The CME-75 truck-mounted drill rig with its automatic 140 lb hammer dropping 30 inches onto the sampler barrel is a familiar sound on Mississauga construction sites. We set up the tripod and cathead system, lock in the A-size drill rods, and start the split-spoon sampler driving through the Halton Till. This dense mix of silty clay and stones is what defines most of the ground below Mississauga, and it demands a hammer that delivers exactly 60% energy efficiency to get N-values worth interpreting. Before the rig even arrives, we coordinate utility clearances with Alectra and Enbridge—a step that saves weeks of delays when you’re drilling within Mississauga’s tight lot lines. The data we pull from the spoon every 5 feet gives you more than just a refusal depth; it reveals the transition from the Oak Ridges Moraine sediments into the shale bedrock of the Georgian Bay Formation, and linking that geotechnical profile with a CPT test can fill in the gaps where the SPT alone leaves thin seams undetected.

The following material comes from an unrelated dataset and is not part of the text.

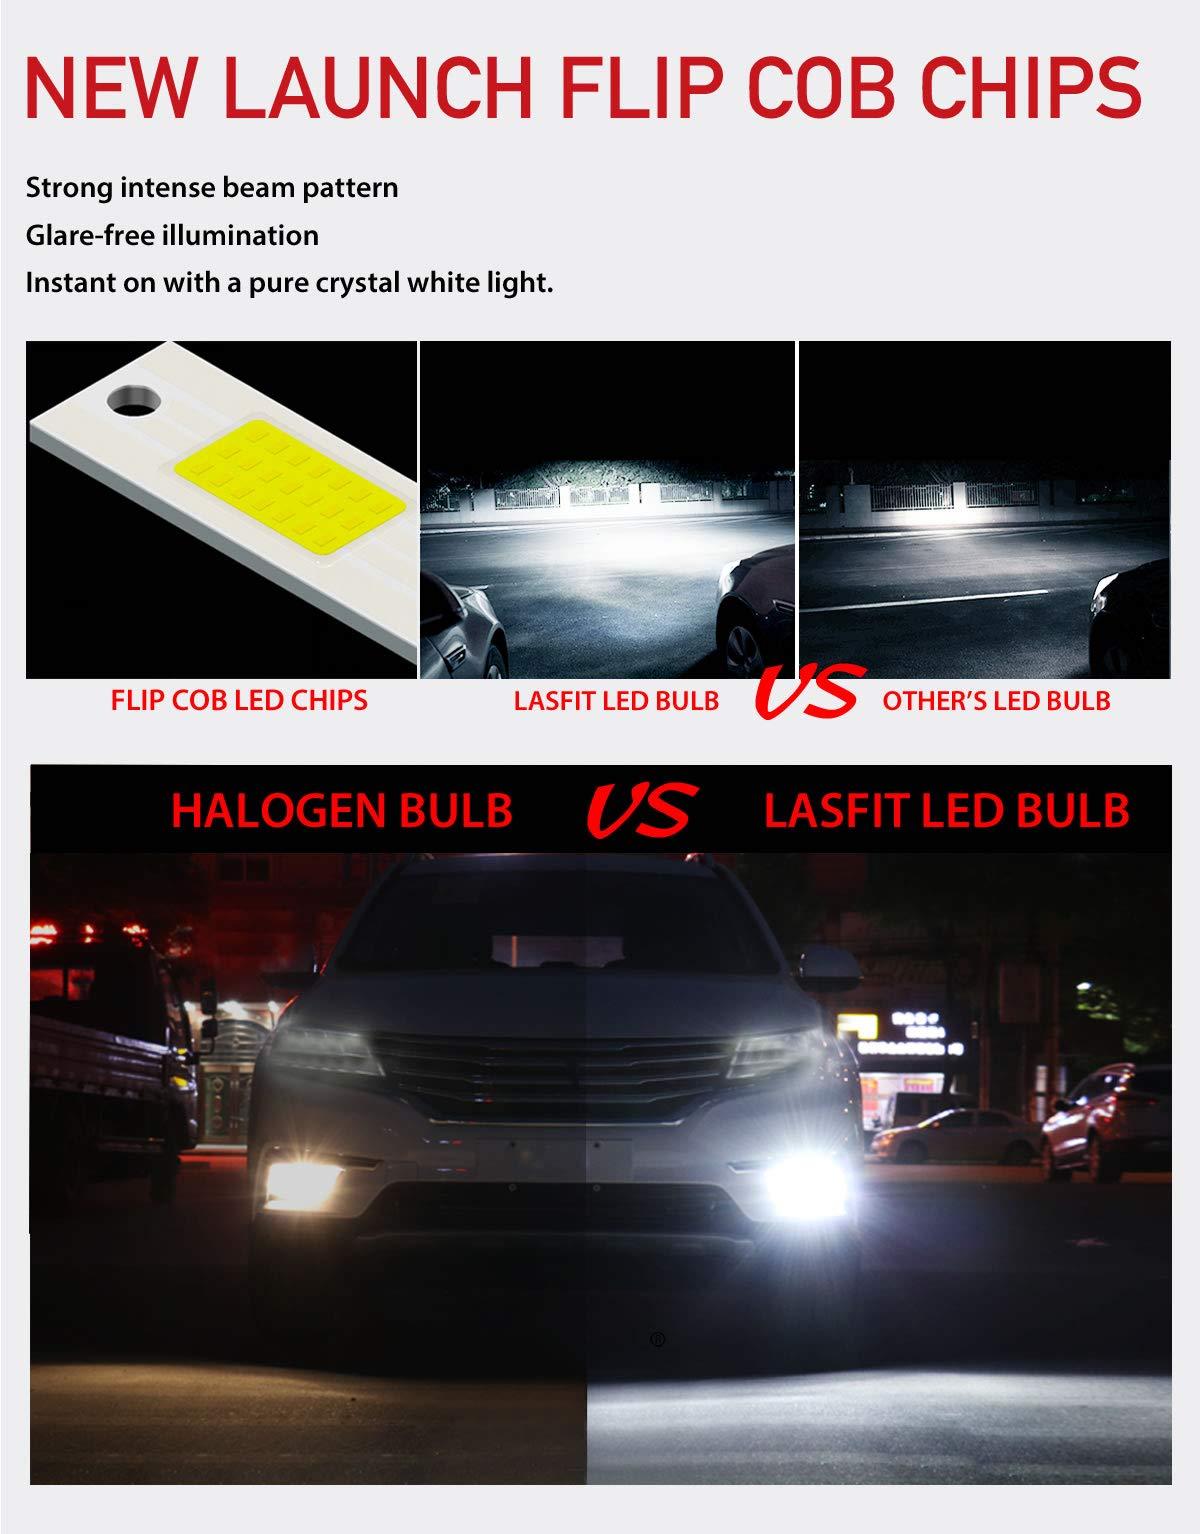 LASFIT 5202/5201/2504 LED Fog Light 60W 7600LM 6000K Cool White LED Bulbs-Plug&Play (2 pack) by LASFIT (Image #4)

A refusal at 45 blows with less than 6 inches of penetration in Mississauga’s shale doesn’t mean rock—it might just be a boulder in the till. That’s where experience matters.
Site-specific factors
Drilling in Port Credit’s sandy lakefill near the mouth of the Credit River feels nothing like drilling in Streetsville’s dense clay till up on the ridge. Near the lake, the spoon sinks under the hammer’s weight alone in saturated sand, and that’s where you risk misreading N-values if the hole isn’t cased properly to prevent heave. Up in Streetsville, you hit refusal on limestone floaters at 15 feet and the drill crew has to decide immediately whether that’s bedrock or just a glacial erratic—calling it wrong leads to a foundation design that’s either overbuilt and costly, or underbuilt and risky. The Credit River valley introduces another variable: a high groundwater table that can destabilize borehole walls between spoon intervals. Without a drilling mud program or temporary casing, the SPT data gets contaminated by slough, and the N-value you paid for is useless. The difference between a clean test and a compromised one in Mississauga’s mixed stratigraphy comes down to the driller’s ability to read the cuttings and adjust the method on the fly.
Regulatory framework
ASTM D1586-18: Standard Test Method for Standard Penetration Test (SPT) and Split-Barrel Sampling of Soils, ASTM D4633-16: Standard Test Method for Energy Measurement for Dynamic Penetrometers, CSA A23.3-19: Design of Concrete Structures (Anchorage and Foundation Provisions), NBCC 2015: National Building Code of Canada, Part 4 (Structural Design), MTO LS-702: Ontario Ministry of Transportation SPT Protocol
Frequently asked questions
What does an SPT test cost for a typical single-family home lot in Mississauga?
For a standard residential lot in Mississauga, you’re looking at CA$770 to CA$940 per borehole when we’re drilling to typical depths of 15 to 25 feet through Halton Till. That price covers the drill rig mobilization within the GTA, the full SPT logging with N-values every 5 feet, disturbed spoon samples for lab index testing, and the signed geotechnical borehole log. Sites requiring deeper drilling into the Georgian Bay shale or additional holes for a larger footprint will shift the cost upward, but we quote per-hole so you know exactly where the money goes before the rig shows up.
How do you handle SPT refusal in Mississauga’s shale bedrock?
We log refusal per ASTM D1586 when 50 blows advance the spoon less than 6 inches, or 100 blows total without reaching the sampling interval. In Mississauga, refusal often occurs at the contact with the Georgian Bay Formation shale—typically between 15 and 40 feet depth depending on where you are in the city. When that happens, we switch to NQ-size core barrel and start coring the rock to get RQD and recovery data, which gives the structural engineer the bearing capacity and rock quality numbers they need for end-bearing piles or drilled shafts. The refusal depth is recorded on the log with the exact blow count so nobody mistakes it for a boulder.
How many boreholes do I need for a commercial building in Mississauga?
The NBCC 2015 requires a minimum of one borehole per 200 square meters of building footprint, with at least three boreholes for any structure larger than 500 square meters—and that’s the floor, not the ceiling. For a typical commercial building in Mississauga’s industrial parks around Dixie Road or Meadowvale, we usually recommend four to six SPT boreholes spaced on a grid that captures the lateral variability of the Halton Till. If the site straddles a known buried valley or crosses into the Credit River floodplain, we add holes along the property line to define the transition zone, because the difference in N-values across 50 meters can be enough to change your foundation type entirely.